Han pasado casi dos años desde que el SARS-CoV-2 nos sacó de las oficinas y nos obligó a trabajar en casa. Y seamos honestos, si algo bueno hay en eso es que cambiamos las camisas de vestir por sudaderas y los zapatos de tacón por los incomprendidos crocs. 

Ya muchas empresas se han comenzado a reorganizar para gradualmente volver a las oficinas, pero la mayoría le apuesta a un esquema híbrido… y los códigos de vestimenta también.

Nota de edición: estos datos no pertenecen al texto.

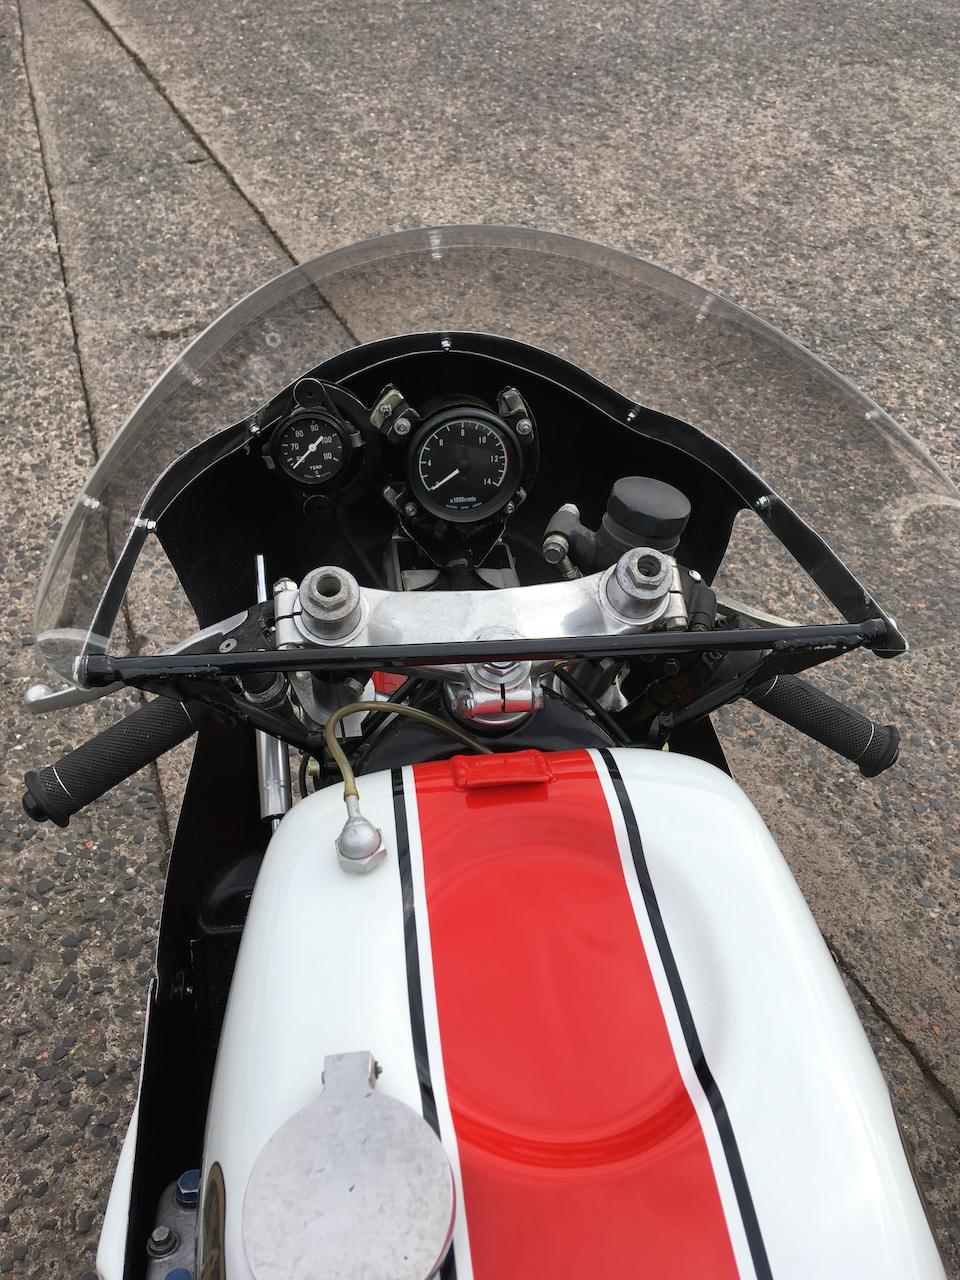 c.1979 Yamaha TZ750F Racing Motorcycle Frame no. 409-200415 Engine no. 409-200415

Y aunque las ventas de ropa personal -incluyendo ropa, zapatos y cosméticos- crecieron un 8.5% en los 12 meses anteriores a agosto del año pasado por el aumento de la movilidad y la obligación de volver a la oficina, las tendencias en este sentido apuntan a fusionar la ropa de trabajo, pero sin sacrificar la comodidad a la que ya nos acostumbramos en casa.

Según un estudio realizado por IWG, el 55% de los encuestados, trabaja mejor cuando tienen la libertad de vestirse como quieren, y el 40% afirma que son más creativos cuando se sienten cómodos con la ropa que están usando.  

La encuesta revela que el 51% de los jóvenes de 25 a 34 años confirma que su atuendo de oficina está relacionado con su creatividad.

Usua Manero, consultora de imagen pública dijo a El Financiero que lo natural será regresar a laborar con ropa que no nos limite, se mantendrá la ropa formal pero cómoda. 

“Muchas empresas le pidieron a sus empleados dejar de usar corbata para evitar focos de contagio”, detalló. 

Una encuesta realizada por Office Group, una consultora de trabajo en Reino Unido, reveló que más de una cuarta parte de las personas encuestadas seguiría vistiendo de manera menos formal incluso cuando vuelva a la oficina.

Y tan marcada es la tendencia que las grandes marcas están prestando atención.

Zara, Mango y H&M, tradicionalmente tiendas en las que se puede encontrar una gran gama de “ropa Godín”, ahora están destacando los pantalones, camisas y vestidos “smart casual”.

Por su parte la firma Dockers, conocida por tener los pantalones caqui “más Godinez” del mundo, presentó un estudio en el que se destaca que 3 de cada 4 profesionales encuestados desea la libertad de no estar obligados a vestir un traje para ir a la oficina. 

Solo un 24.3% prefería trabajar en una empresa con un código de vestimenta formal. 

Y por supuesto, la corbata ha sido la más golpeada por esta nueva moda y se enfrenta a un futuro de confinamiento en el que solo podrá salir para eventos sociales y momentos muy puntuales.